On the cohomology of almost-complex manifolds

TL;DR

This paper investigates the relationship between the cohomology of almost-complex manifolds and their structures, extending previous work to analyze semi-Kähler structures and their cohomological properties.

Contribution

It applies existing methods to explore the cohomology and semi-Kähler cone structures on almost-complex manifolds, advancing understanding of their geometric and topological properties.

Findings

Extended cohomological analysis to semi-Kähler structures.

Linked cohomology properties with almost-complex structures.

Provided new insights into semi-Kähler cone geometry.

Abstract

Following T.-J. Li, W. Zhang [Comparing tamed and compatible symplectic cones and cohomological properties of almost complex manifolds, Comm.

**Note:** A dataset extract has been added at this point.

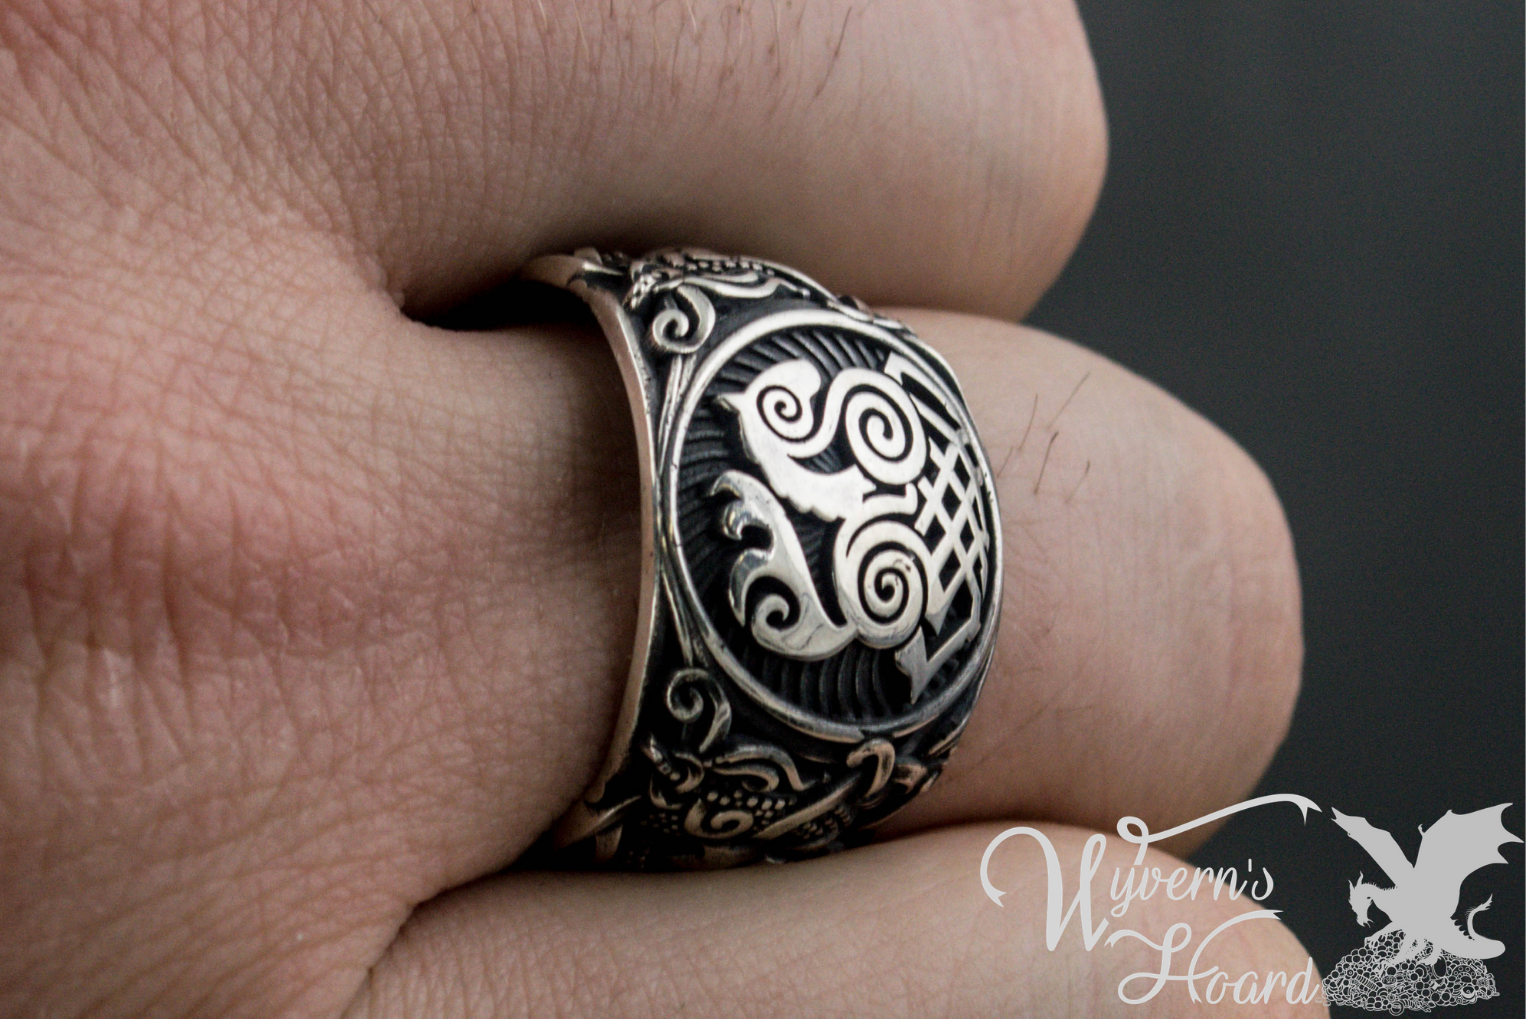 The Mighty Sleipnir Ring - Wyvern's Hoard

Anal. Geom.], we continue to study the link between the cohomology of an almost-complex manifold and its almost-complex structure. In particular, we apply the same argument in [T.-J. Li, W. Zhang, Comparing tamed and compatible symplectic cones and cohomological properties of almost complex manifolds, Comm. Anal. Geom.] and the results obtained by D. Sullivan in [Cycles for the dynamical study of foliated manifolds and complex manifolds, Invent. Math.] to study the cone of semi-K\"ahler structures on a compact semi-K\"ahler manifold.